Esse excelente filme nos brinda com a oportunidade de abordar a área onde assuntos familiares se entrelaçam com os aspectos mais delicados e insondáveis do humano, essa área que nos ocupamos diariamente como analistas e que interessa, sobremaneira, ao próximo ENAPOL.
Uma pequena comunidade – Manchester by the sea, próxima de Boston, EUA – é o cenário onde se desenvolve uma tragédia moderna que articula fatalidade e contingência, um clássico em plena atualidade.
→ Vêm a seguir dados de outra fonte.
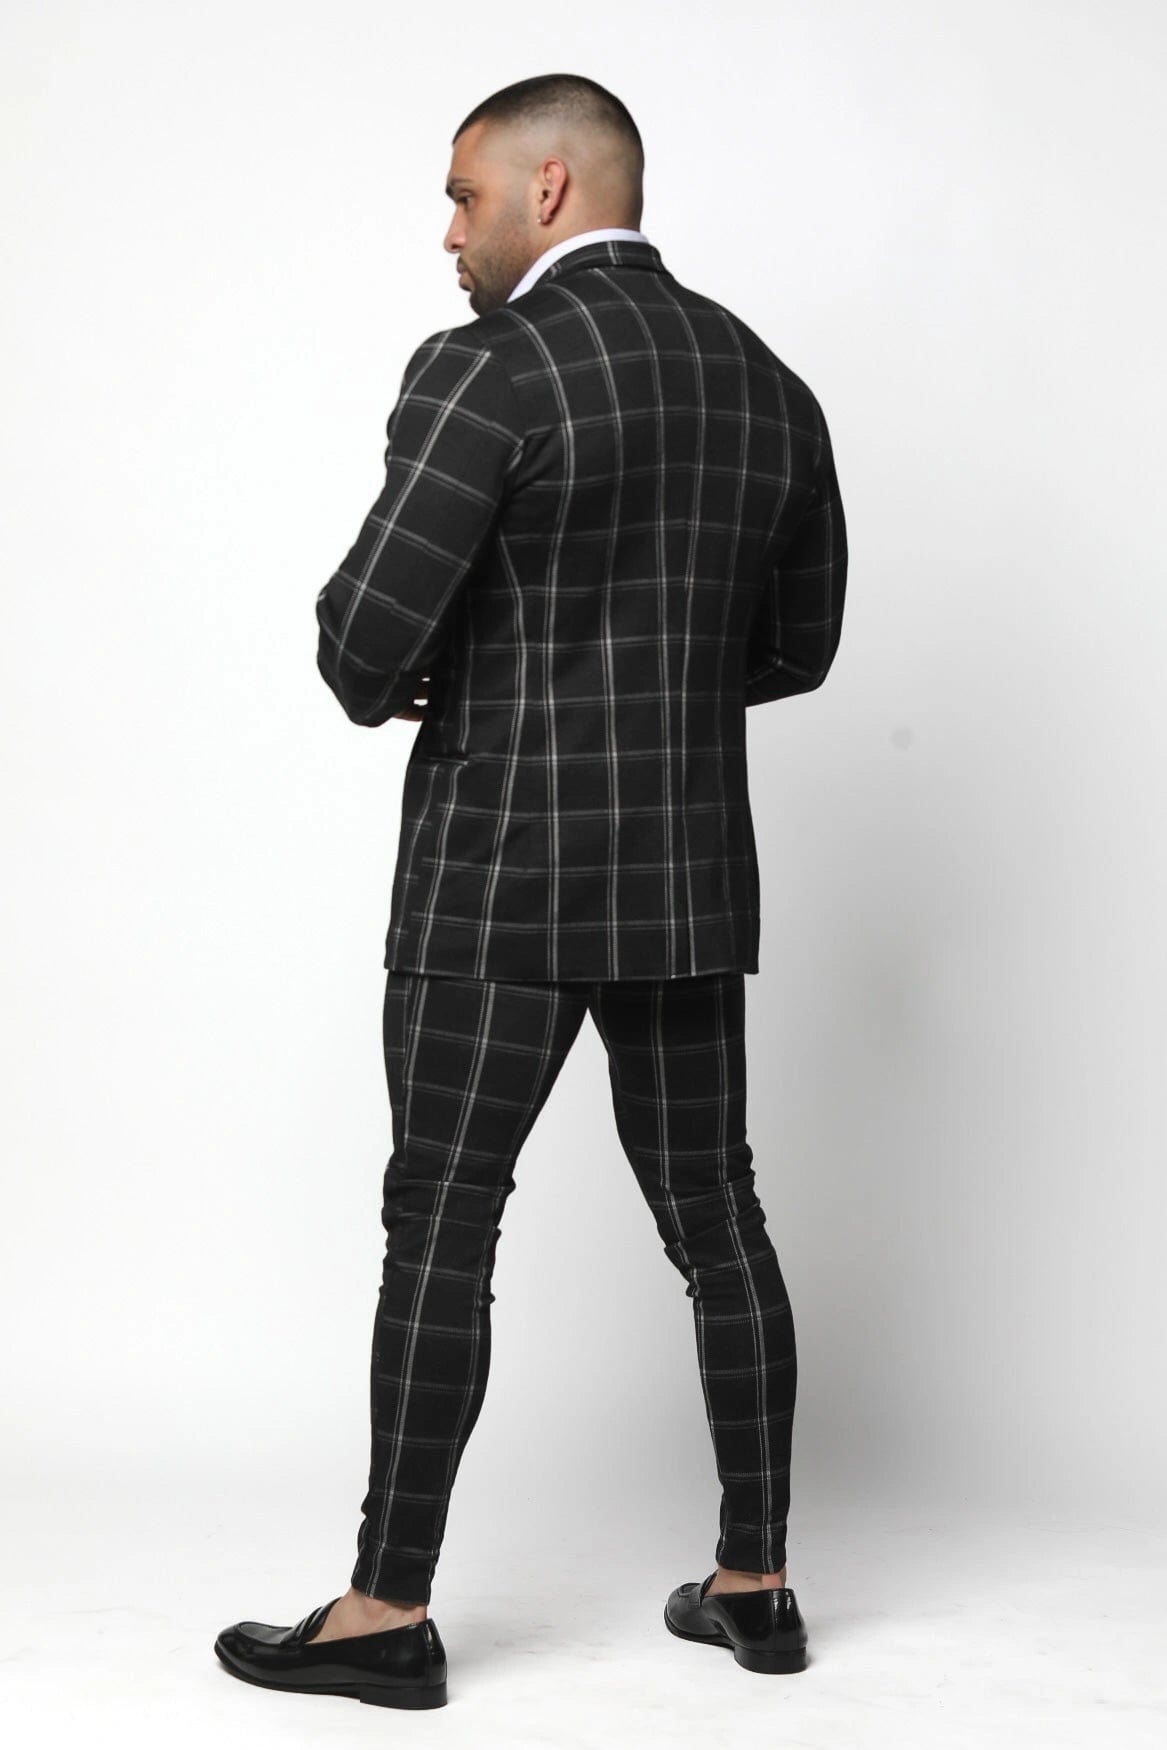 Mens Black Plaid Athletic Fit Suit - Gerardo Collection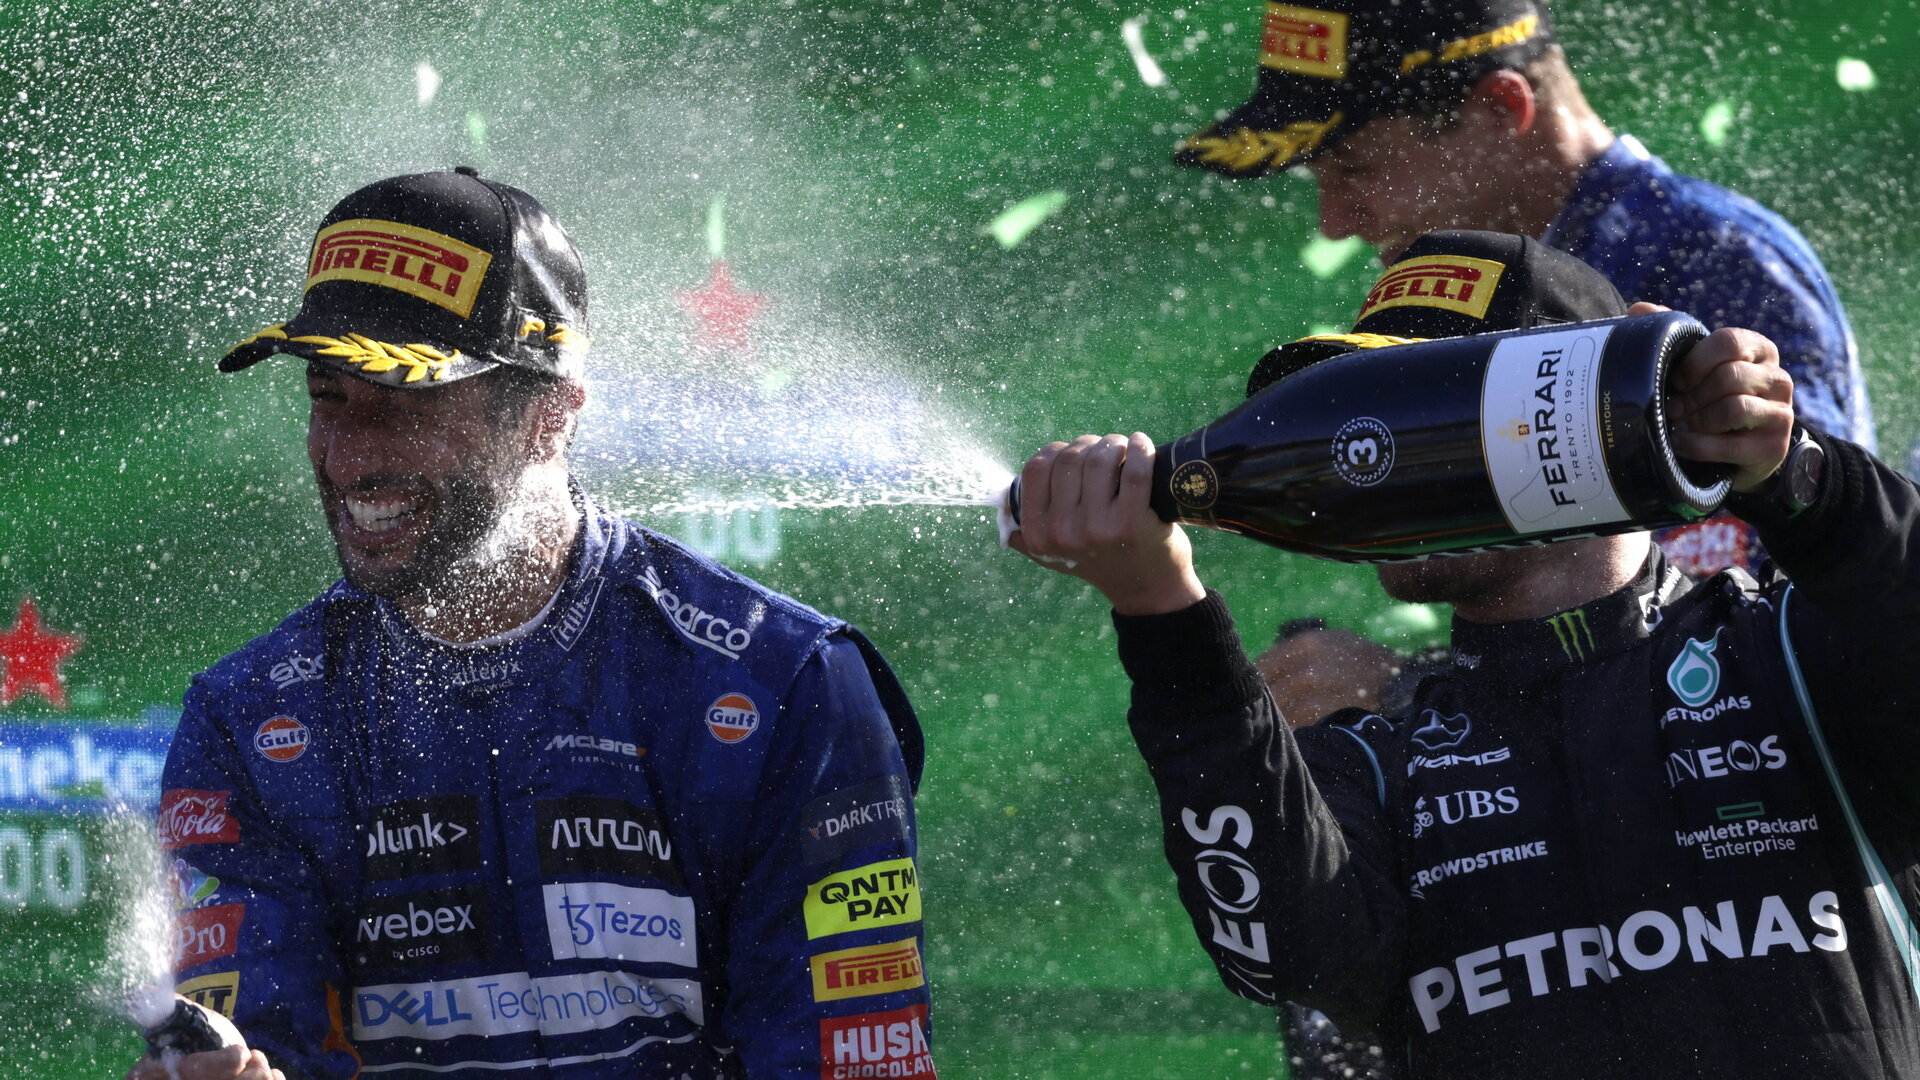 Daniel Ricciardo a Valtteri Bottas si užívají šampaňské na pódiu po závodě na Monze

Desde o início, a trama está centrada em Lee (Casey Affleck), seu protagonista. Apresentado como um personagem tenso, solitário e praticamente à margem das questões cotidianas da vida. Seu trabalho como encarregado da manutenção de edifícios ocupa todo seu tempo, detido aos dejetos dos quais deve ocupar-se – o lixo, os vasos sanitários, os canos entupidos -, segue com seus afazeres, insensível aos desejos alheios que encontra levando adiante a sua tarefa, em especial das mulheres. Sua única distração parece ser sair para beber em bares, onde uma e outra vez ignora a sutileza do desejo, transformando-a na oportunidade para tomar-se ferozmente por socos.
A irrupção de um acontecimento familiar – a morte do irmão – rompe a rotina que Lee sustentava com tanta determinação e nos revela a trama em que se sustenta sua decisão subjetiva.
Antes de morrer, seu irmão buscou expressar sua última vontade: que Lee assuma os cuidados de seu filho de 16 anos. Esse ato está repleto de consequências, pois convoca Lee ao lugar donde com tanto empenho buscava se afastar: seu povo, sua história, seus afetos, sua responsabilidade subjetiva. É o laço fraterno que o traz de volta ao mundo dos vivos.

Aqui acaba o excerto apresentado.